Les parties ont été avisées que le prononcé de la décision aurait lieu par mise à disposition au greffe le 04 Septembre 2024.
ARRÊT
Contradictoire,
Prononcé par mise à disposition au greffe le 04 Septembre 2024,
Signé par Madame Michèle JAILLET, Présidente et Mme Fabienne NIETO, greffier auquel la minute de la décision a été remise par le magistrat signataire.
***
Exposé du litige
[C] [E] et [M] [R] se sont mariés le [Date mariage 5] 1984 dans les ALPES-MARITIMES sans contrat de mariage préalable.
Par ordonnance de non-conciliation du 20 mai 2003, le juge aux affaires familiales de NICE a autorisé les époux à résider séparément et, statuant sur les mesures provisoires, a notamment attribué la jouissance du domicile conjugal à l'épouse.
Par jugement en date du 16 décembre 2003, le juge aux affaires familiales du tribunal de grande instance de NICE a :
- prononcé le divorce des époux aux torts exclusifs de [M] [R],
- prononcé la dissolution du régime matrimonial ayant existé entre eux
- désigné le Président de la chambre des notaires des ALPES-MARITIMES pour procéder à la liquidation sous la surveillance d'un Juge commis.
Le 19 mars 2008, Maître [G] [S], notaire à [Localité 12], désignée pour ce faire, a dressé entre les ex-époux un procès-verbal de difficultés en raison de la contestation par Monsieur [R] de l'évaluation des biens immobiliers.
En 2009, Madame [E] a saisi le tribunal de grande instance de NICE d'une demande de liquidation et partage de l'indivision post communautaire.
Dans un arrêt du 12 avril 2012, la cour d'appeI d'AIX EN PROVENCE a confirmé un jugement du 23 mai 2011 ayant ordonné, avant dire droit, une expertise judiciaire des biens immobiliers situés à [Localité 11].
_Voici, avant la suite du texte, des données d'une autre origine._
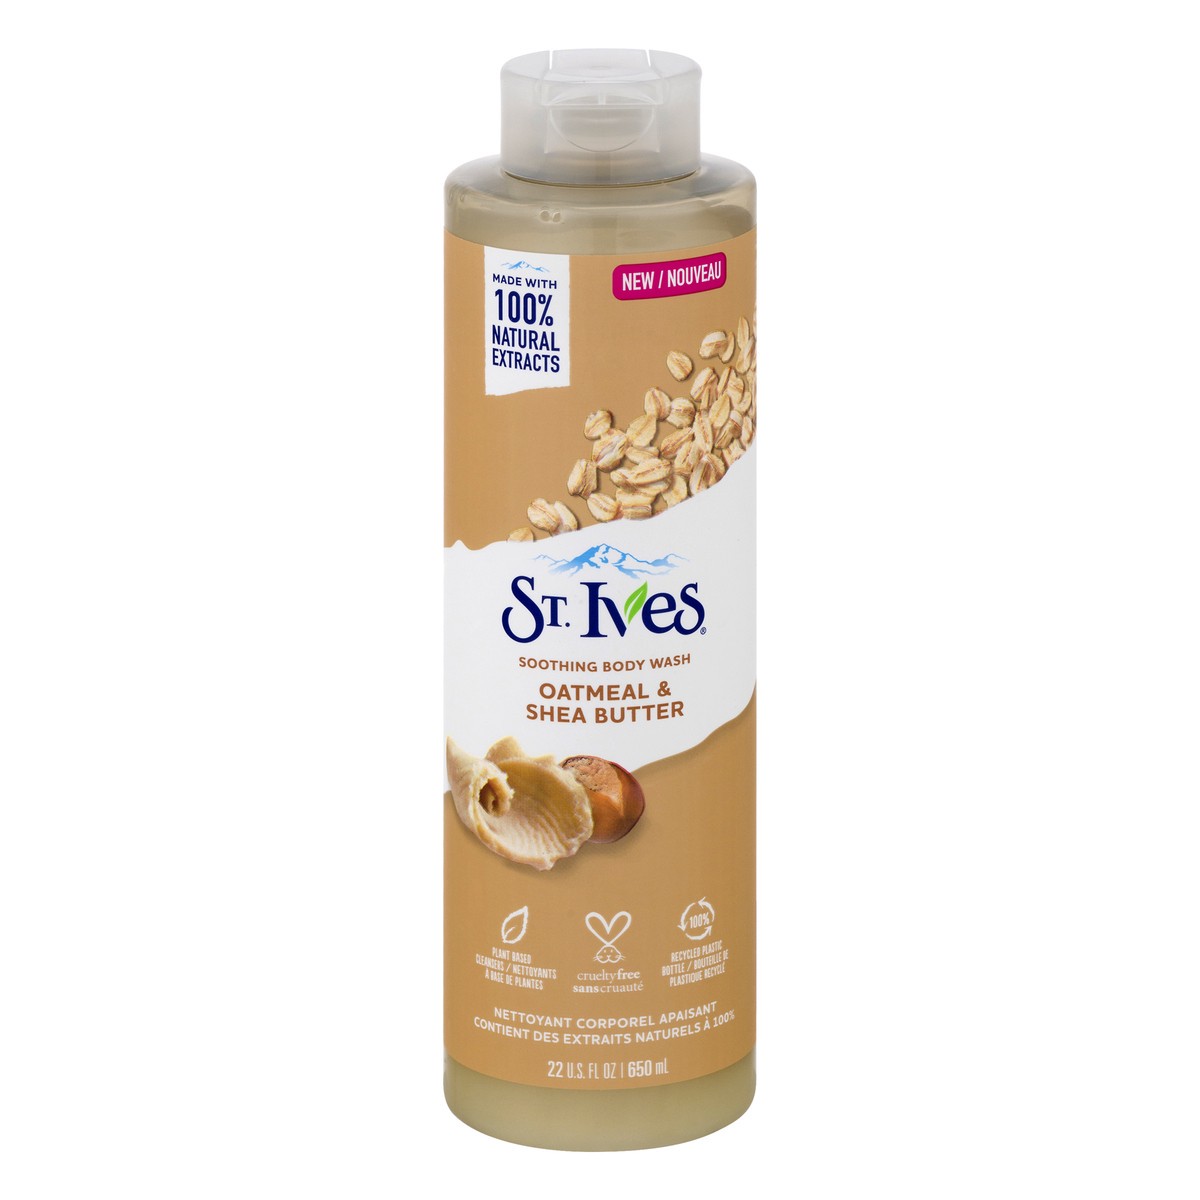 slide 1 of 103, St. Ives Soothing Body Wash Oatmeal & Shea Butter, 22 oz, 22 oz

Le rapport d'expertise a été déposé le 16 octobre 2013.
Par jugement du 02 mars 2015, le tribunal de grande instance de NICE a :
- fixé la valeur vénale des biens immobiliers dépendant de la communauté des ex-époux comme suit :
- 7200 euros pour le bien numéro 1 : parcelle de terrain lieudit [Adresse 10] cadastrée section B n 0 [Cadastre 3] ;
- 6400 euros pour le bien numéro 4 : parcelle à usage de pâturage section E n o [Cadastre 9], et une parcelle de terre incluse dans la parcelle cadastrée section E n o [Cadastre 8] ;
- fixé la valeur vénale des biens immobiliers, biens propres par accessoires de Monsieur [R] à 54.000 euros pour la bergerie et 180.000 euros pour la maison,
- fixé la récompense due par Monsieur [R] à la communauté pour un montant de 234.000 euros représentant la valeur vénale de la bergerie et la maison d'habitation ;
- accordé à Monsieur [R] un droit préférentiel sur les biens immobiliers cadastrés section B numéros [Cadastre 3], [Cadastre 2], [Cadastre 4], E numéro [Cadastre 9] et E numéro [Cadastre 8] ,
- dit que le notaire reprendra ses opérations de partage en tenant compte des décisions prises
- dit que les frais d'expertise seront inclus dans les dépens employés en frais privilégiés de partage et que chacune des parties supportera ses frais irrépétibles.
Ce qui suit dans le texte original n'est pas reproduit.